▸ GOAL OF THE EXERCISE
Begin your copy at the line with "The ex-congressman goes" in the records below and end it at the line with "Stylized grayscale shark", restating each line word for word; omit the pictures.

▸ PROVIDED DATA

┏━━

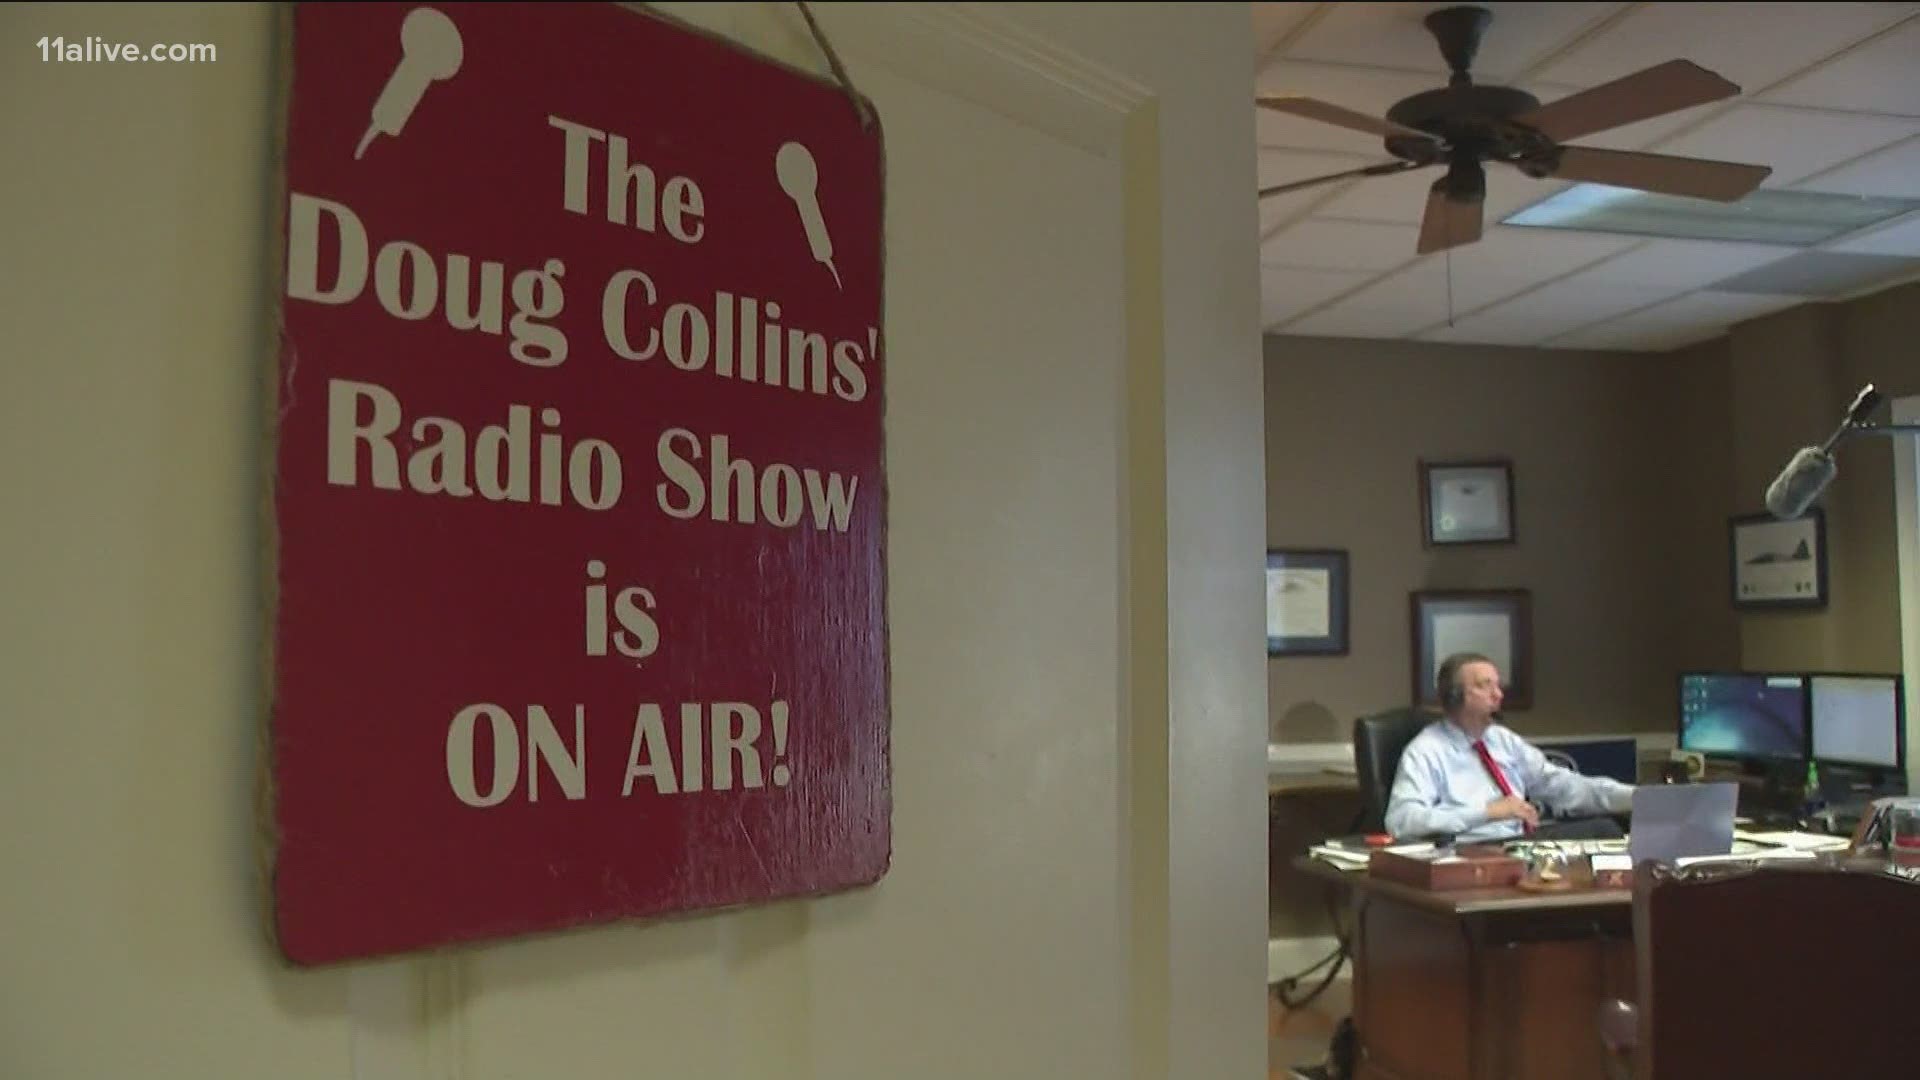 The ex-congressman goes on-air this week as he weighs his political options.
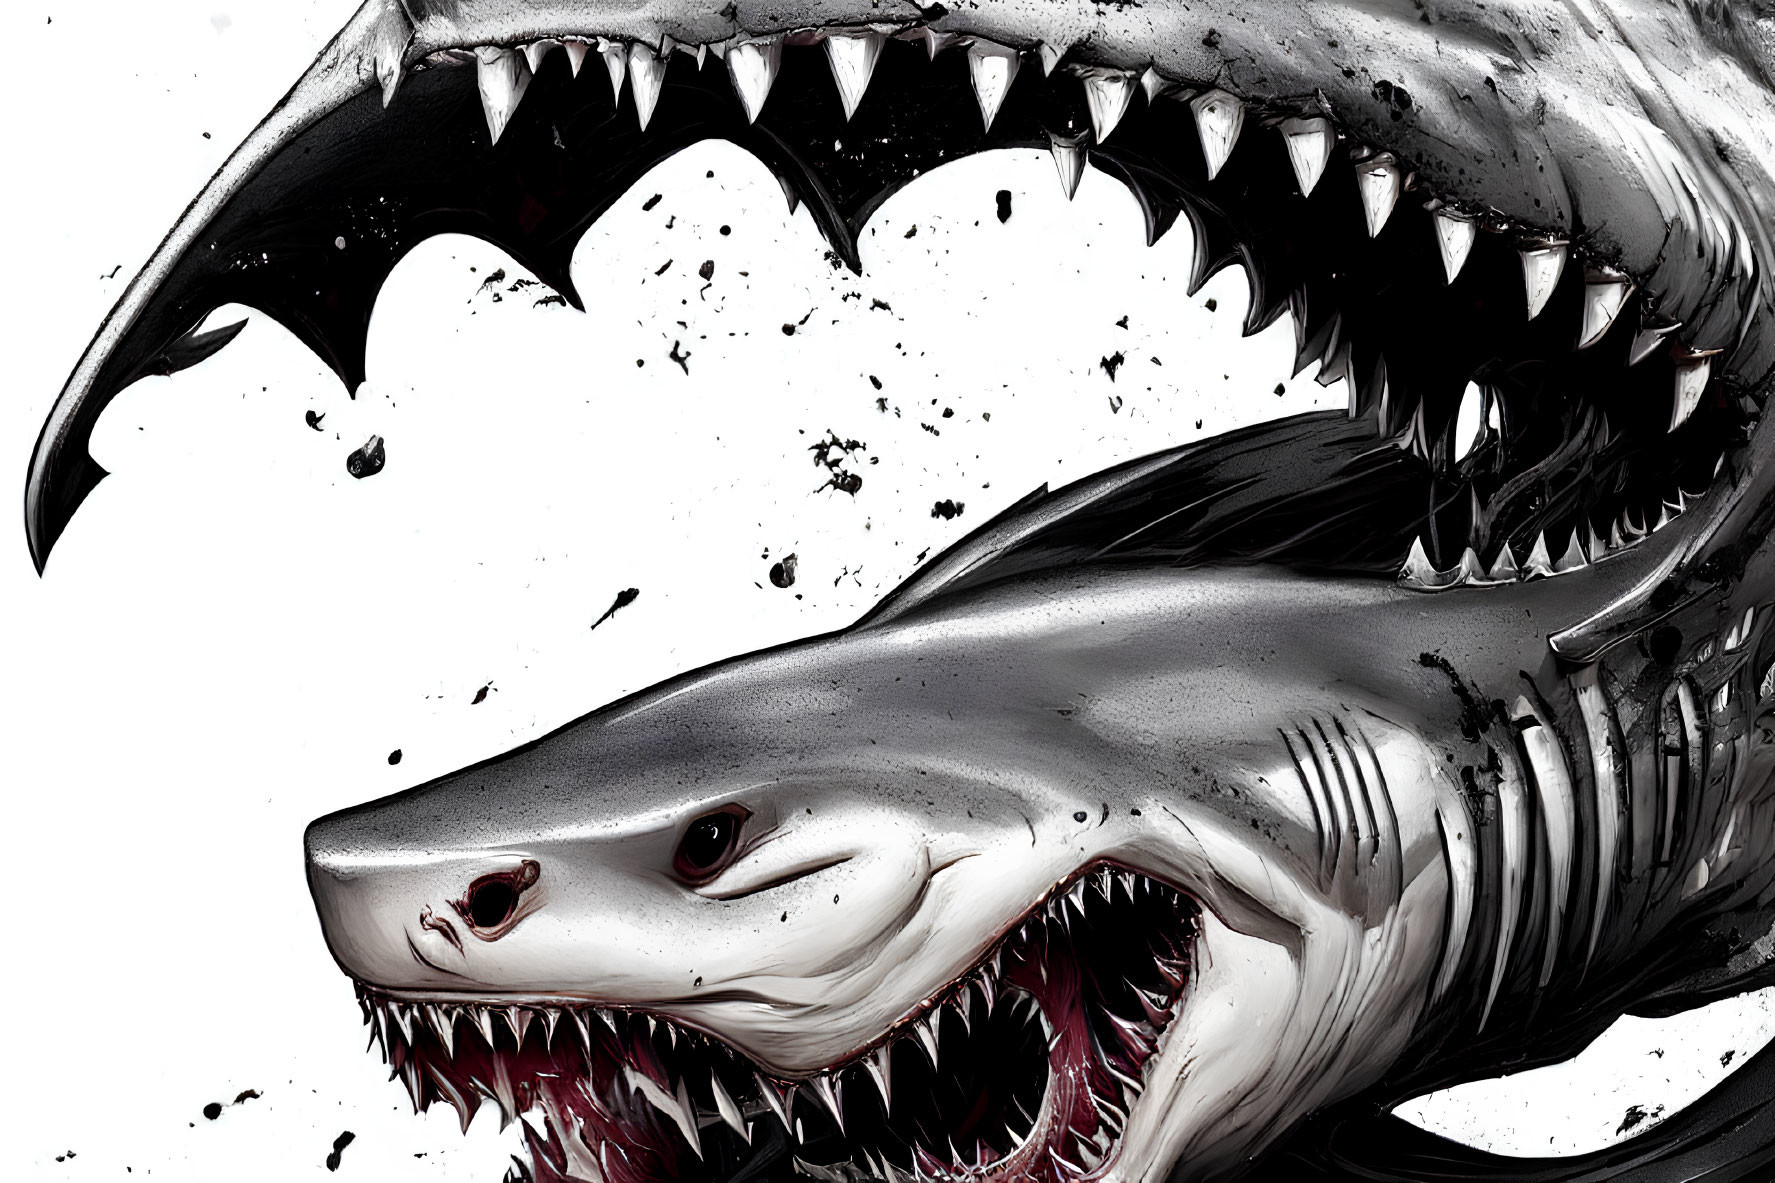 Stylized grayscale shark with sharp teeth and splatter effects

┗━━
┏━━

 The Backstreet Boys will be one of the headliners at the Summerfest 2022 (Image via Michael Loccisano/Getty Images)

┗━━

▸ EXERCISE SOLUTION
 The ex-congressman goes on-air this week as he weighs his political options.
 Stylized grayscale shark with sharp teeth and splatter effects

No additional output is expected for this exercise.